Given the entries that follow, write out exactly the lines starting at the one containing "Mallard duck with" and ending at the one containing "c. Glikoprotein", both ends included, and only those.

- Available records -

————————

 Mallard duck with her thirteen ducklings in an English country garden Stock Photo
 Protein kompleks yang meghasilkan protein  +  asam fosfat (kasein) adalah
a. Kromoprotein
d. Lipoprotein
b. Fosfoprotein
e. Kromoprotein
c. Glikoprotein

————————

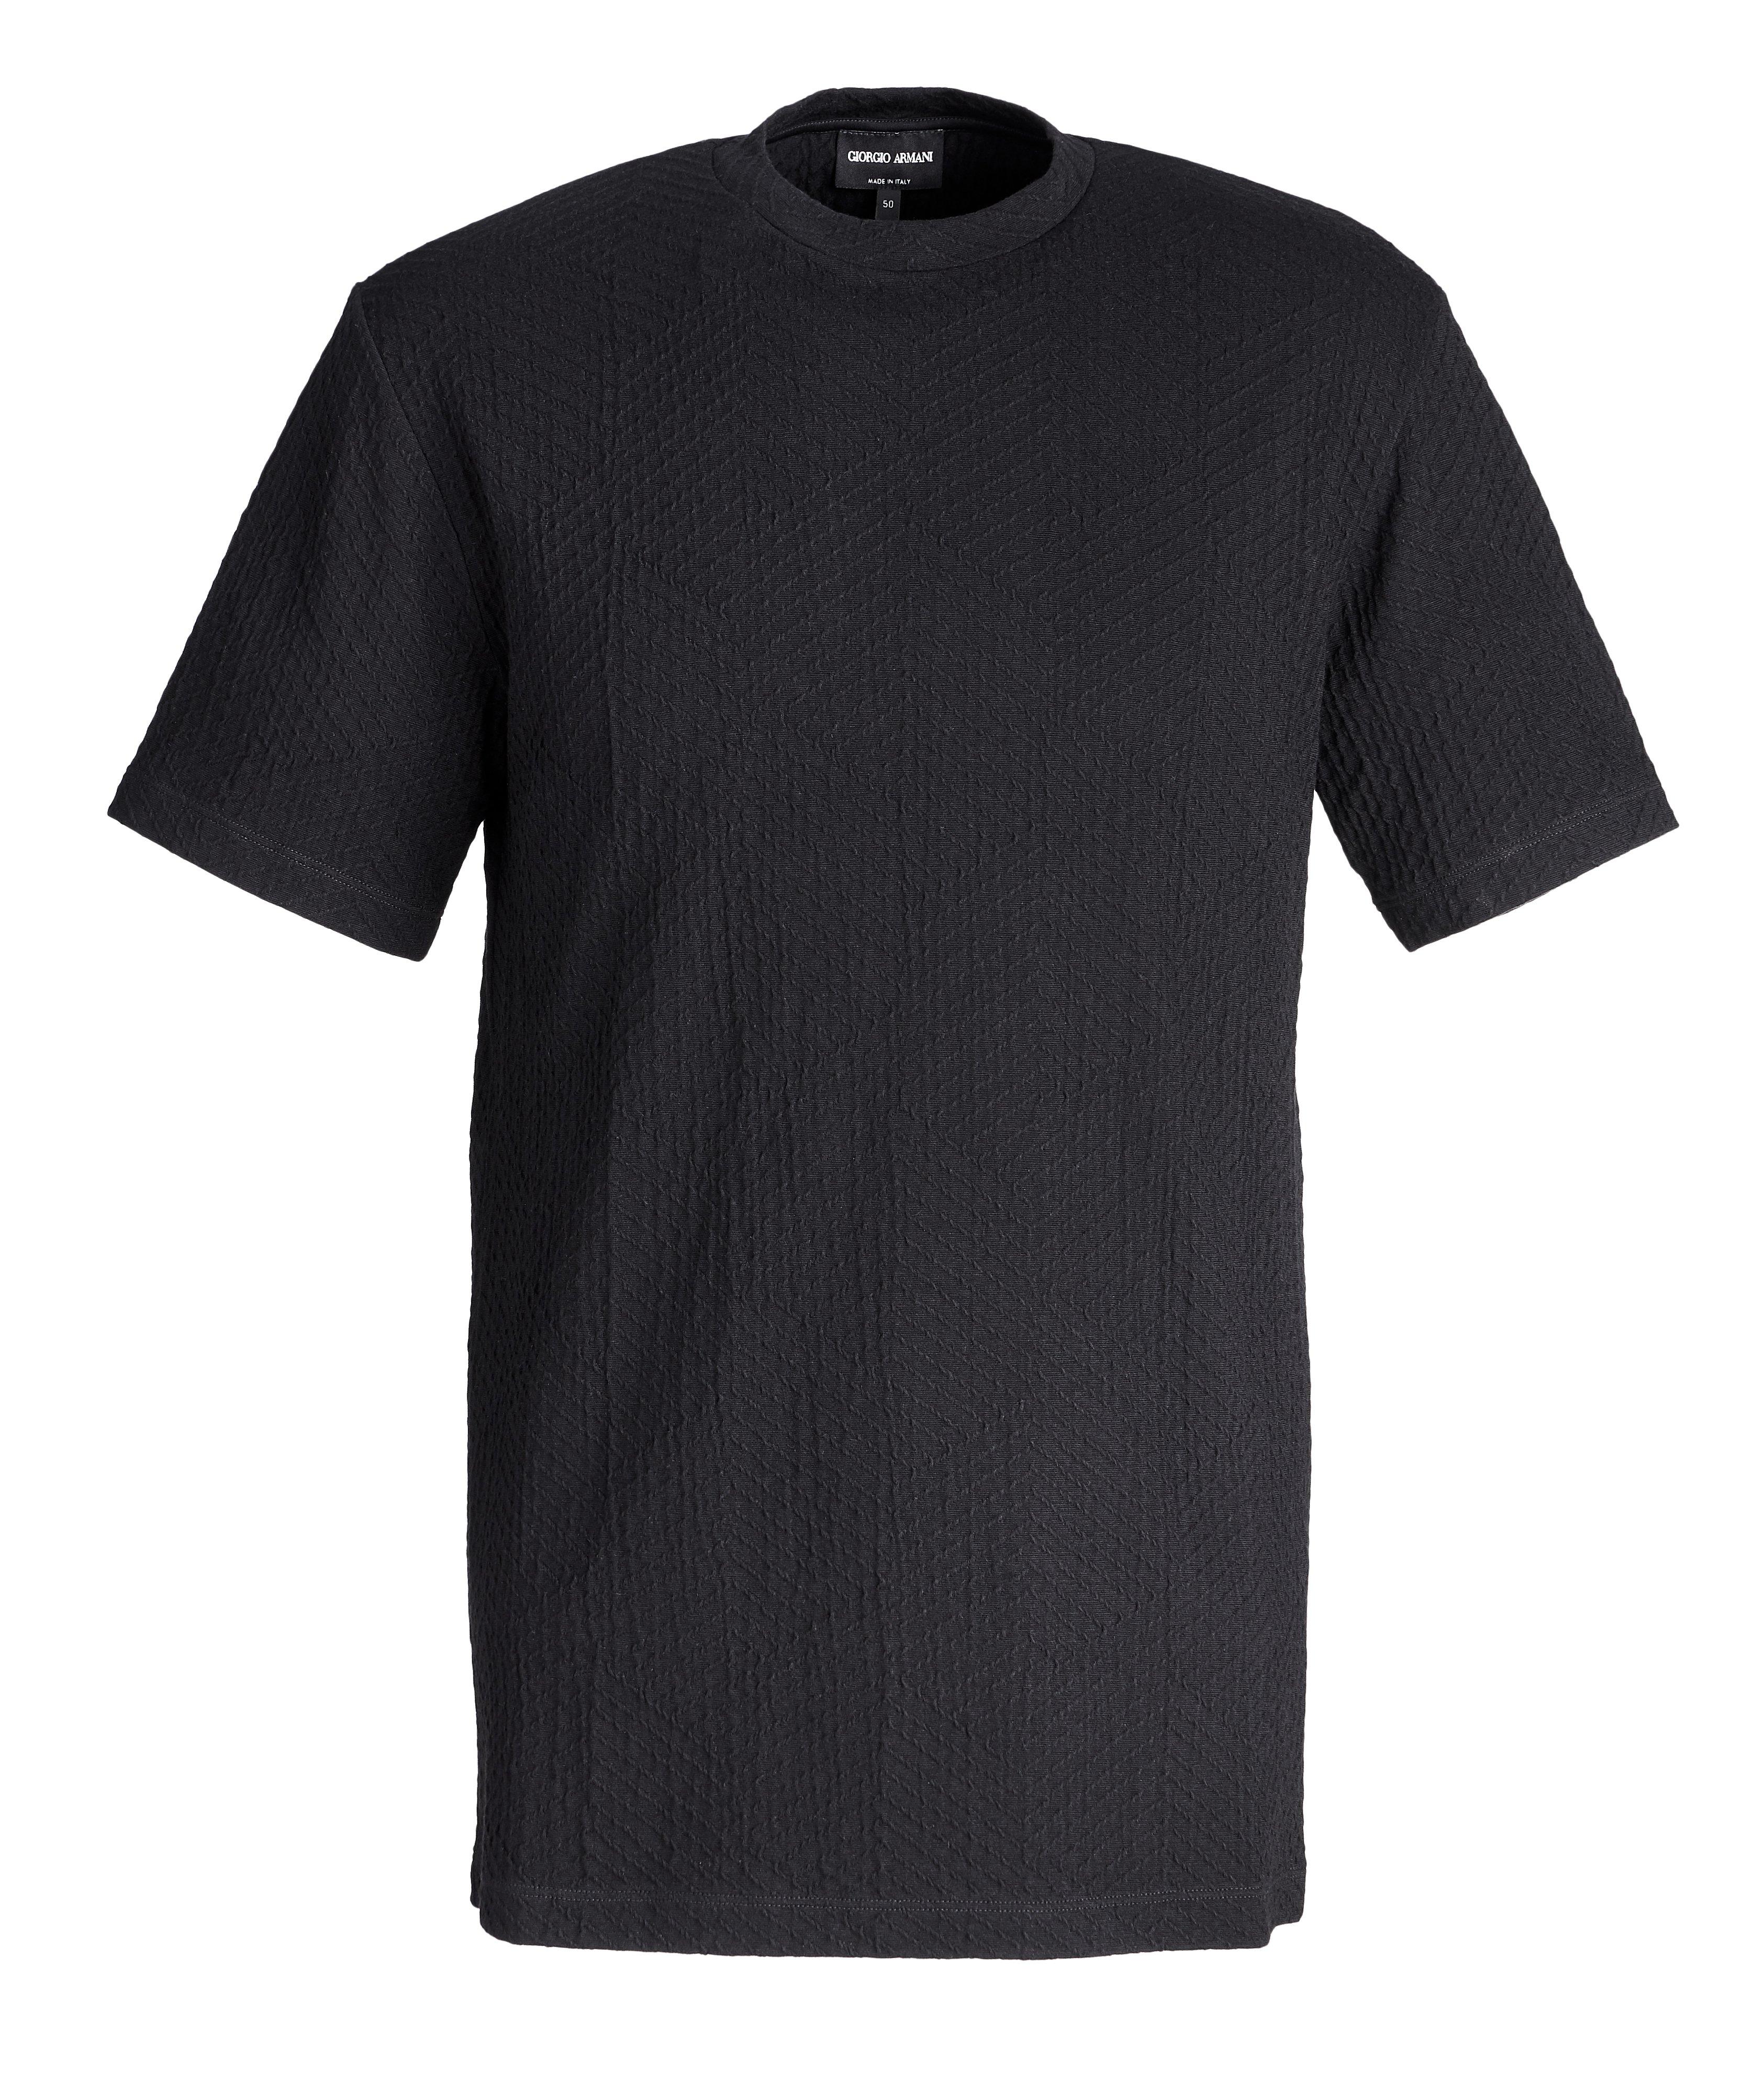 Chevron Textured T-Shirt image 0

————————

- Solution to this problem -
 Mallard duck with her thirteen ducklings in an English country garden Stock Photo
 Protein kompleks yang meghasilkan protein  +  asam fosfat (kasein) adalah
a. Kromoprotein
d. Lipoprotein
b. Fosfoprotein
e. Kromoprotein
c. Glikoprotein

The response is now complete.